Here are a few of the interesting people I’ve encountered today:

A courier standing in line with me at the bank. As we talked about his job, I asked him if he had ever transported something really weird. “A body chopped up into parts,” he said.

A friend at breakfast. I discovered he likes peanut butter omelets.

A guy waiting, as I was, for the bus. He calls himself “turtle man” because, as he told me, he moves slow – but always forward.

Everywhere we turn, we encounter people with stories and hopes and fears and interesting names. We discover people who will help us see our world with more richness and texture. We find people like us, people different from us. We find strangers who may turn into friends.

Tell me, brother, how do you see the sun standing from where you are today. {Michael Houser}

Embarking on the Ludicrous

I recently read a piece from a well-known figure in the church leadership world. He wrote of a zero-tolerance policy for any language or practice within their church that did not make sense to those who were uncommitted to the story of God. I think I understand – and agree with – some of his concern. I am beyond done with caveman Christianity, practicing the faith with near total disregard for the questions and realities of our friends who are among the unconvinced. I too share irritation at flat, tired Christian lingo, the entire ghetto mentality prevalent in many of our Christian subcultures.

However…

I’m actually drawn the opposite direction. Rather than railing against those things that make little sense to those outside faith, I believe the gospel calls us to live toward realities that don’t make a single bit of sense to any of us, no matter what angle we come from.

Truly, the kingdom of God is laughable, if we take it seriously.
~the way to save your life is to give it away
~love your enemies
~seek the peace of all, even those you despise (or who despise you)
~live for others above self
~take risks and abandon control
~believe that Jesus rose from the dead – and one day will bring all dead things to life
~give yourself to the long, hard work of community
~abandon the droning, captivating sounds of selfish consumerism
~care for the least among us
~live as though success does not determine our identity

Based on the cultures we have breathed in and on the selfish nature of our own heart, we would have to say that those lines are idyllic nonsense, complete poppycock.
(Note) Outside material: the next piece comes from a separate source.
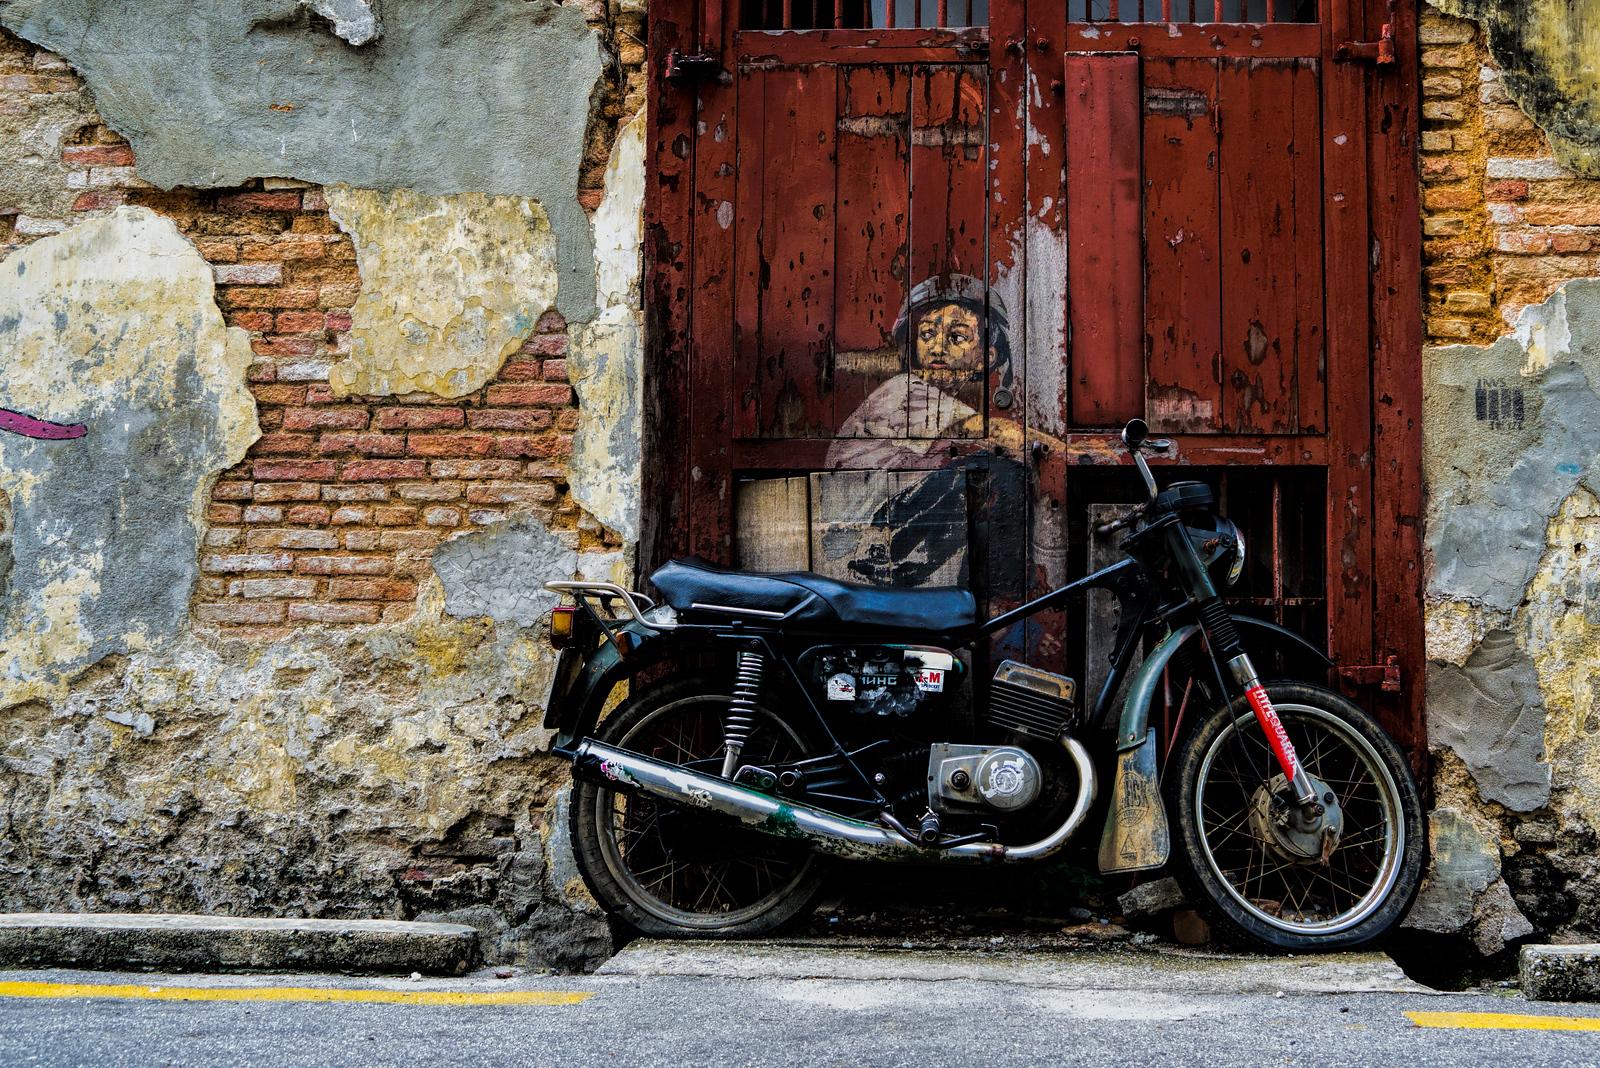 Penang Street Art - Boy on Motorbike

And yet, this is precisely the life Jesus calls us to. If we seek to be communities of people living in Jesus’ way, we are embarking on the ludicrous. If the way we live and speak and love makes sense to those around us – or to ourselves – I fear we are wildly off course.

Here’s to the ludicrous life…

Jokes on Me

This week, I feel as though I entered into a cliche, Christian subculture joke: You know your kids have been raised in an emerging* church if

On Tuesday, the fam went into Starbucks on The Corner at UVA. When Wyatt went into Bucks’ upstairs, taking in the warm, earth-tone walls, the ambient light, the numerous chairs around tables, the art on the walls, the leather couches, he said, “Mommy, is this a church?”

I’m still pondering what I think about that, a lot there actually.

*for those fortunate enough to be unfamiliar with all the nuance of Christian subcultures, emerging has often become a catch-all world for new forms of Christian theology and worship – a word that, in actuality, mainly means nothing. But emerging does own the annoying stereotype of being fascinated with all things hip and trendy, a “relational authenticity” that can very much be its own version of plastic.